DATA SHOWN
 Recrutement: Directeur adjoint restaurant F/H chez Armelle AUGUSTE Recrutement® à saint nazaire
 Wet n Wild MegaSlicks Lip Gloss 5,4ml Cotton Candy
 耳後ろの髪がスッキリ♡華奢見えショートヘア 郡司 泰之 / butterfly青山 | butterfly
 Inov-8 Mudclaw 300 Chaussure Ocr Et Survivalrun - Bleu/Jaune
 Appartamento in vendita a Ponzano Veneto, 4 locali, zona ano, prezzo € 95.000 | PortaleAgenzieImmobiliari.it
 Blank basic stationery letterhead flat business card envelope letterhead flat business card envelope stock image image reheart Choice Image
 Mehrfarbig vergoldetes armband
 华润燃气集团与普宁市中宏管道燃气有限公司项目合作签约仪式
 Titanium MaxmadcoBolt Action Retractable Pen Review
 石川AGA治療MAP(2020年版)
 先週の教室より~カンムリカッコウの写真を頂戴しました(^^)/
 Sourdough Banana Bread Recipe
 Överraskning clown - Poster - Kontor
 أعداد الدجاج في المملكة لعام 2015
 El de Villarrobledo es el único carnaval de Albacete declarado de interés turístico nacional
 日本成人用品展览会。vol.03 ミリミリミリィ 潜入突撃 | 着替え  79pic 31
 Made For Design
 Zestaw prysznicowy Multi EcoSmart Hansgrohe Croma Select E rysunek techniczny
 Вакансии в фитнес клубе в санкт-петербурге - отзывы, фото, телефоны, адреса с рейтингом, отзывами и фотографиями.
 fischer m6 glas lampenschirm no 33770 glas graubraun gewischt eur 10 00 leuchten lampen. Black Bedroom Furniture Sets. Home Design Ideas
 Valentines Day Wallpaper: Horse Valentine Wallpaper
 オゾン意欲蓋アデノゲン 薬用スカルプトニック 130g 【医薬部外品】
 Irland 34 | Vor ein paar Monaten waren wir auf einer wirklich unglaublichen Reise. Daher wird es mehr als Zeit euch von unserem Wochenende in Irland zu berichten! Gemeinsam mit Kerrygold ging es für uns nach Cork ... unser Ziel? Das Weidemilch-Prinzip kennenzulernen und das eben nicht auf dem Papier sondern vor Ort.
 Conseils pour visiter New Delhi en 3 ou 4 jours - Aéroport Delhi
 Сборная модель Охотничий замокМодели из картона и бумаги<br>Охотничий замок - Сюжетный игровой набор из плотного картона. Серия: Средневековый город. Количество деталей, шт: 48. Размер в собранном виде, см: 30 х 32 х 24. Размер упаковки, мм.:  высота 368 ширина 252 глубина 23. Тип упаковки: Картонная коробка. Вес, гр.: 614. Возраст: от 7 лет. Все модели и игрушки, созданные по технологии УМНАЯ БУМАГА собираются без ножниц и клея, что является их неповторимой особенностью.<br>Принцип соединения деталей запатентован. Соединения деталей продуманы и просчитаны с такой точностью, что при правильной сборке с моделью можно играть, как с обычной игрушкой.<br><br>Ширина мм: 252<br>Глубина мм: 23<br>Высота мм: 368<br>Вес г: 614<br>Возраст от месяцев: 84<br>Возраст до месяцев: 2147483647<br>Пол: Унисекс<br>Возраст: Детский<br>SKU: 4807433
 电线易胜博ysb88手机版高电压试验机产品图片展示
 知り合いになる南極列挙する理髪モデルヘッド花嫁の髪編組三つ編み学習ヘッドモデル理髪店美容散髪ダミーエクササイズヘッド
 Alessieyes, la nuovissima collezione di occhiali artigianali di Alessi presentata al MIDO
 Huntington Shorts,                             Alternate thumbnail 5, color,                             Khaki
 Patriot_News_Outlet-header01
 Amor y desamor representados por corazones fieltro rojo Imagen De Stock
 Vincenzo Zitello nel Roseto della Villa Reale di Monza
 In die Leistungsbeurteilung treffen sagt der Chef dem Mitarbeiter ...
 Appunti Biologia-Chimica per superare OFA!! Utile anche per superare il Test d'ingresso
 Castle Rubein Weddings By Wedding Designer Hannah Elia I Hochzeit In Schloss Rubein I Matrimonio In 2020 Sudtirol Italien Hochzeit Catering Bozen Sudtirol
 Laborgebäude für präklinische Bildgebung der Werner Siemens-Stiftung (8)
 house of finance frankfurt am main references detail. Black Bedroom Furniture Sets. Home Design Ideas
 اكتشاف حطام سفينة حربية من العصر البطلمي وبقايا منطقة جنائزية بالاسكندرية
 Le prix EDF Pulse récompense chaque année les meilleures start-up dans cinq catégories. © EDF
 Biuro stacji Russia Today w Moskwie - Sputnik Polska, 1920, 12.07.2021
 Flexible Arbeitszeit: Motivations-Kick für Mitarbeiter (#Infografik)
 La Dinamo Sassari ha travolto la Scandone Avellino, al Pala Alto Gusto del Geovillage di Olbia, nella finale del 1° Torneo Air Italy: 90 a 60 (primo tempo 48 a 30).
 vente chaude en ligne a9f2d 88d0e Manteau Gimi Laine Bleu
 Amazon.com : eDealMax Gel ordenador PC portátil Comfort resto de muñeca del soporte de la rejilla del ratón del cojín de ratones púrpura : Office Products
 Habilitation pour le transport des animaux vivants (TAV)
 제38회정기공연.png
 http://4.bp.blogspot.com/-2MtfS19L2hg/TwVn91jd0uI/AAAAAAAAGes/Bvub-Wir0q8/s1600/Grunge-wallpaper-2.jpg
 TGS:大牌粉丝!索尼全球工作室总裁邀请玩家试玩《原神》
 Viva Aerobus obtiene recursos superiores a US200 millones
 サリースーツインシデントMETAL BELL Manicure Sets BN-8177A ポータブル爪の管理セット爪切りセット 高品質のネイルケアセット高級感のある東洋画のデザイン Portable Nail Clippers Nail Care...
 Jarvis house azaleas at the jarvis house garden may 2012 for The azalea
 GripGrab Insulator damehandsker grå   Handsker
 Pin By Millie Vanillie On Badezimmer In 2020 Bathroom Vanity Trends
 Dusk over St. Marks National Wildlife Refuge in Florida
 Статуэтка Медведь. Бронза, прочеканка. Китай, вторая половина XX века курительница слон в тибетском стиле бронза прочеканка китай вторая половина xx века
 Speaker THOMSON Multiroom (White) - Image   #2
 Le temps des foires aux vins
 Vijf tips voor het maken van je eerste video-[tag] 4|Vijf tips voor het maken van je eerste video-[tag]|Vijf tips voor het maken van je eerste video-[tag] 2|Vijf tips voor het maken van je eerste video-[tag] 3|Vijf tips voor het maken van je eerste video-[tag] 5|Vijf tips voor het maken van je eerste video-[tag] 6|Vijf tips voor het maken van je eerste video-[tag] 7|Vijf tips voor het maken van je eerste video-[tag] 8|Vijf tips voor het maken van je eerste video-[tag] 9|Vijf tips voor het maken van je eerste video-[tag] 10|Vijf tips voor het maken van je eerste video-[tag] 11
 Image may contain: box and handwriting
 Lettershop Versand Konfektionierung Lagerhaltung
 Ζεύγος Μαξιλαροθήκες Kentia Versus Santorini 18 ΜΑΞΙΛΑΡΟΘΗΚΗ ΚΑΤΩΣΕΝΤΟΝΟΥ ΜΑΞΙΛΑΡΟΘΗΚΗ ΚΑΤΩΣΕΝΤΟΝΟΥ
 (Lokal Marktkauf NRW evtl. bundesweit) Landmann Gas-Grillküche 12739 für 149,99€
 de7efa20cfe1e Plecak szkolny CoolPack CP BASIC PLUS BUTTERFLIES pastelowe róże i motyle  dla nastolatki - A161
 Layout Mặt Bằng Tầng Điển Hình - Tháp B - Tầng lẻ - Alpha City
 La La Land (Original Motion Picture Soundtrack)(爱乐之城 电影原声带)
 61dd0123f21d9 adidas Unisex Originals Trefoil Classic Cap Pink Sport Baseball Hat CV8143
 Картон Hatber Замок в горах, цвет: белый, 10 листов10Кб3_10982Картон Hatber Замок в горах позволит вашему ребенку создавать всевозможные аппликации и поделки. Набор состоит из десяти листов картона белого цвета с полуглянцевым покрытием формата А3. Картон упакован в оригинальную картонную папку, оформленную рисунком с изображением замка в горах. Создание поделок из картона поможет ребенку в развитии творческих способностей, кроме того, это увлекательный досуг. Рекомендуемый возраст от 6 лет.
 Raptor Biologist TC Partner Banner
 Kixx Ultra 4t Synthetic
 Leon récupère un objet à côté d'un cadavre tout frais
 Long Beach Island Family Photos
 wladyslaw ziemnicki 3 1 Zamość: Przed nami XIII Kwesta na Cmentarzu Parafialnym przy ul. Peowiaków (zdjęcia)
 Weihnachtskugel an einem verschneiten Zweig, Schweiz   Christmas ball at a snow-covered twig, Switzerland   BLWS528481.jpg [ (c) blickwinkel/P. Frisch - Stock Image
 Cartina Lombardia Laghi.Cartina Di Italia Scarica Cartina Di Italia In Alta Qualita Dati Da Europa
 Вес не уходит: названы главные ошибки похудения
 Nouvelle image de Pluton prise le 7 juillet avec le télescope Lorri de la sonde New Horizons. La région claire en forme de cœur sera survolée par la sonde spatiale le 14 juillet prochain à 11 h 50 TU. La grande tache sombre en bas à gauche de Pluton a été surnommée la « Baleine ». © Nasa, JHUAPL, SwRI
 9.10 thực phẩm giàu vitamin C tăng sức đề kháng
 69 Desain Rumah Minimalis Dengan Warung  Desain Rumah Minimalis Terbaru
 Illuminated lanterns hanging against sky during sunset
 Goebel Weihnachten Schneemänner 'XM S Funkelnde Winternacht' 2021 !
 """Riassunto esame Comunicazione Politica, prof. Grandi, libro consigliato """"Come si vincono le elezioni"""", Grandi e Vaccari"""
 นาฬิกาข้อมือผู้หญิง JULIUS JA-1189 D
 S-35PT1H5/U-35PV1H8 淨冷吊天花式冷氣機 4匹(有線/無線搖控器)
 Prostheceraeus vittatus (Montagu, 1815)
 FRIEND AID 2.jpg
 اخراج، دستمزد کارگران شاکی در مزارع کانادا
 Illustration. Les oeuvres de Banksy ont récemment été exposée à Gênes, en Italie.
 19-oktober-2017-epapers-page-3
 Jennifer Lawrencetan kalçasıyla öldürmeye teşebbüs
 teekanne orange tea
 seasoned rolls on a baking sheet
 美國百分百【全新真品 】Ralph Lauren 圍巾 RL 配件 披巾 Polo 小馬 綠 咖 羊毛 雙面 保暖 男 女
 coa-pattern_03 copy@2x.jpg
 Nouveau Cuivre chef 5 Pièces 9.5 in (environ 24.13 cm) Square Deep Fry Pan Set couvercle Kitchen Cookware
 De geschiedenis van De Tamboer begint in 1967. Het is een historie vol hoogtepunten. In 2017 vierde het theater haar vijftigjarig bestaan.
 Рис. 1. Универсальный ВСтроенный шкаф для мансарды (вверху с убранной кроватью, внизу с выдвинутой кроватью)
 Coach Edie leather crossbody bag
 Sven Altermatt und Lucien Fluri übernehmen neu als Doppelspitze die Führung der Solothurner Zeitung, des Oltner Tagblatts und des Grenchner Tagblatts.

WHAT THIS TASK INVOLVES
Above are the records. Copy the lines beginning at the one that has "9.10 thực phẩm" and ending with the one that has "Illustration. Les oeuvres", unchanged.

WRITTEN RESPONSE
 9.10 thực phẩm giàu vitamin C tăng sức đề kháng
 69 Desain Rumah Minimalis Dengan Warung  Desain Rumah Minimalis Terbaru
 Illuminated lanterns hanging against sky during sunset
 Goebel Weihnachten Schneemänner 'XM S Funkelnde Winternacht' 2021 !
 """Riassunto esame Comunicazione Politica, prof. Grandi, libro consigliato """"Come si vincono le elezioni"""", Grandi e Vaccari"""
 นาฬิกาข้อมือผู้หญิง JULIUS JA-1189 D
 S-35PT1H5/U-35PV1H8 淨冷吊天花式冷氣機 4匹(有線/無線搖控器)
 Prostheceraeus vittatus (Montagu, 1815)
 FRIEND AID 2.jpg
 اخراج، دستمزد کارگران شاکی در مزارع کانادا
 Illustration. Les oeuvres de Banksy ont récemment été exposée à Gênes, en Italie.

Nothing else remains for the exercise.